Some events have been canceled while others go on in the same community. If school is canceled, can we go to the park? What about out for lunch? Many universities have canceled classes, but the crowds at nearby restaurants and off-but-near-campus parties have not disappeared.
Should I self-quarantine after returning from a country from which travel is still allowed? My co-worker returning from France must do so — why not me? What if I come back from a different state in the U.S.? What if I commute daily from a nearby state?
Unclear messaging
What we know is that when messaging is not specific, clear, consistent and does not indicate a level of certainty, people will make the best decision they can with the information available. That might indeed result in a bad choice, but it is not always unreasonable given the information they have.
Lack of clarity and specificity likely led some Americans in Europe to unnecessarily quickly buy high-priced tickets home when they woke up March 12 to the travel-ban announcement. Their benchmark may have been the 2017 travel ban, and the information was not clear enough at the time regarding the fact they could still repatriate after the 2020 ban went into effect.
People want evidence-based guidance on what exactly they should do, who and who does not need to take protective action and why, and the timing of what needs to be done.
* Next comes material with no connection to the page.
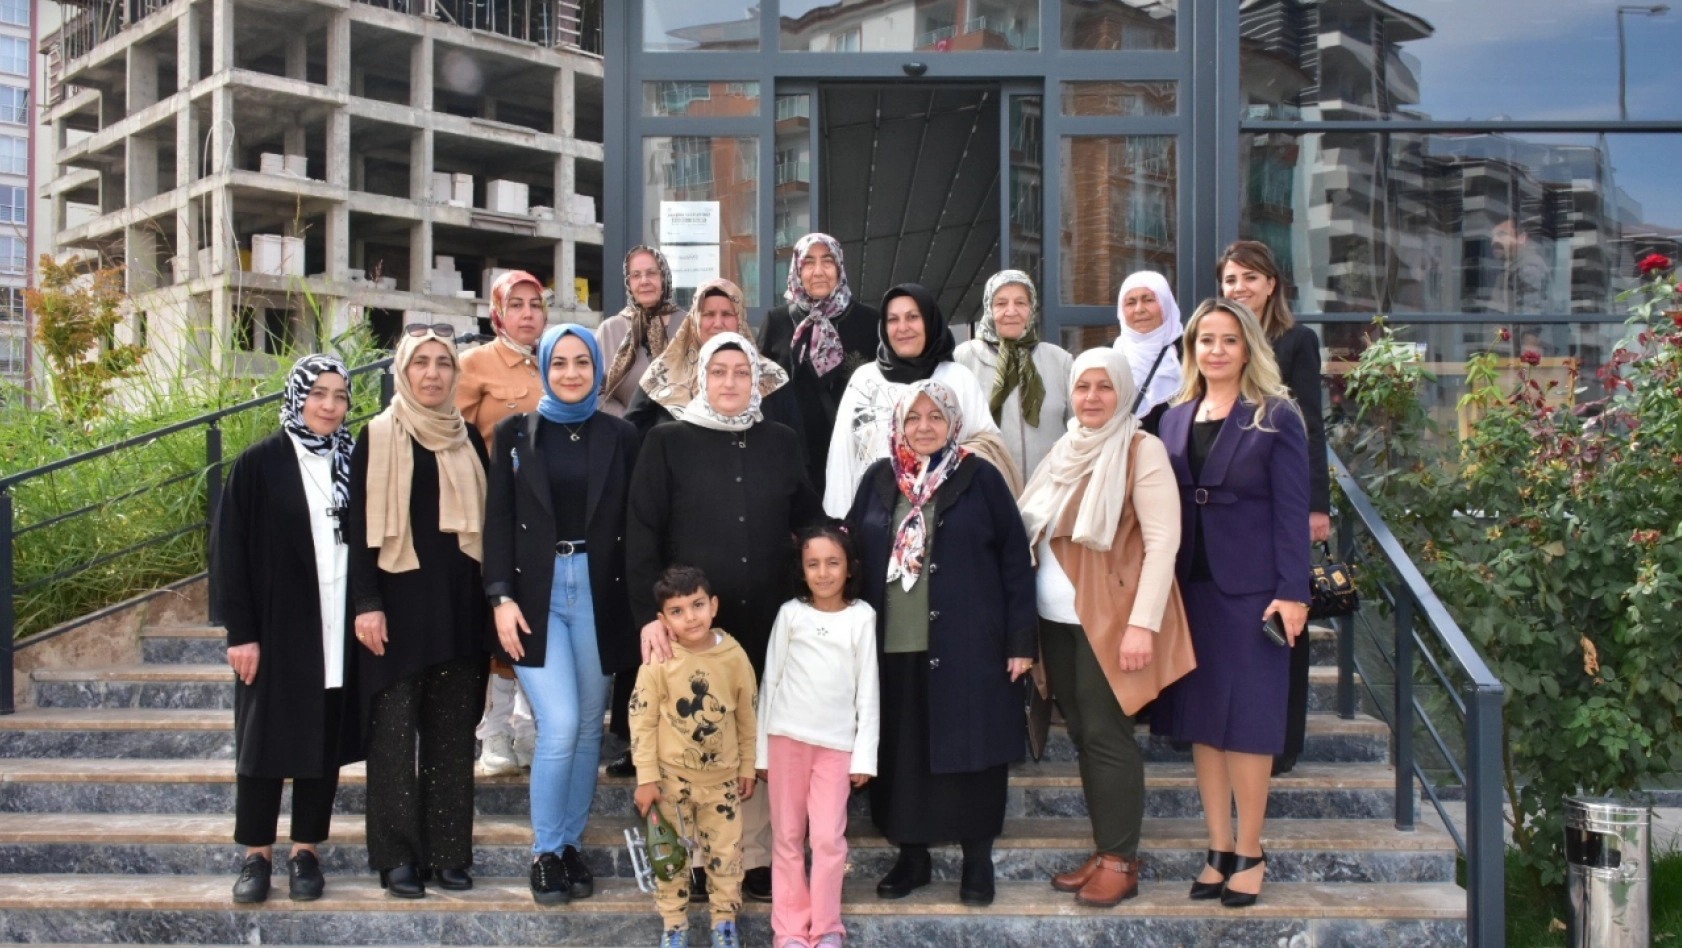 Malatya'da şehit aileleri ile Cumhuriyet'in 100 yılı buluşması

If they lose trust, they won’t come back to that source. If people doubt the accuracy of some information, they will look elsewhere, even if that ends up steering them wrong.
Sorting through inconsistencies
The information coming from various government, non-government and media sources is now putting people in the difficult and unenviable position of sorting through inconsistent, incomplete and unclear guidance. The actions taken by those around them, and for them, are often contradictory and may appear arbitrary unless adequately explained.
This must stop. It is essential that relevant organizations and those reporting on events learn the facts, get them right and report out in a full, complete and consistent manner.
But that said, even if people do receive the correct information, they will still be left to manage the systems that are in place, which may be faltering or failing around them.
In the short term, immediate attention and investment is required to bolster the supply chain and health systems. Yet, a longer-term strategy to build greater resilience in our systems is needed.
We should not be surprised that precarious systems never thrive under stress, and that strategies useful during routine periods may prove inadequate amid crises. Better information dissemination, as well as short- and long-term attention to the systems that support our communities: That’s what we should focus on fixing, rather than mocking our neighbors who are doing the best they can with the information they have.
Tricia Wachtendorf directs the Disaster Research Center and is a professor of sociology at the University of Delaware. She is co-author, with James Kendra, of “American Dunkirk: The Waterborne Evacuation of Manhattan on 9/11.”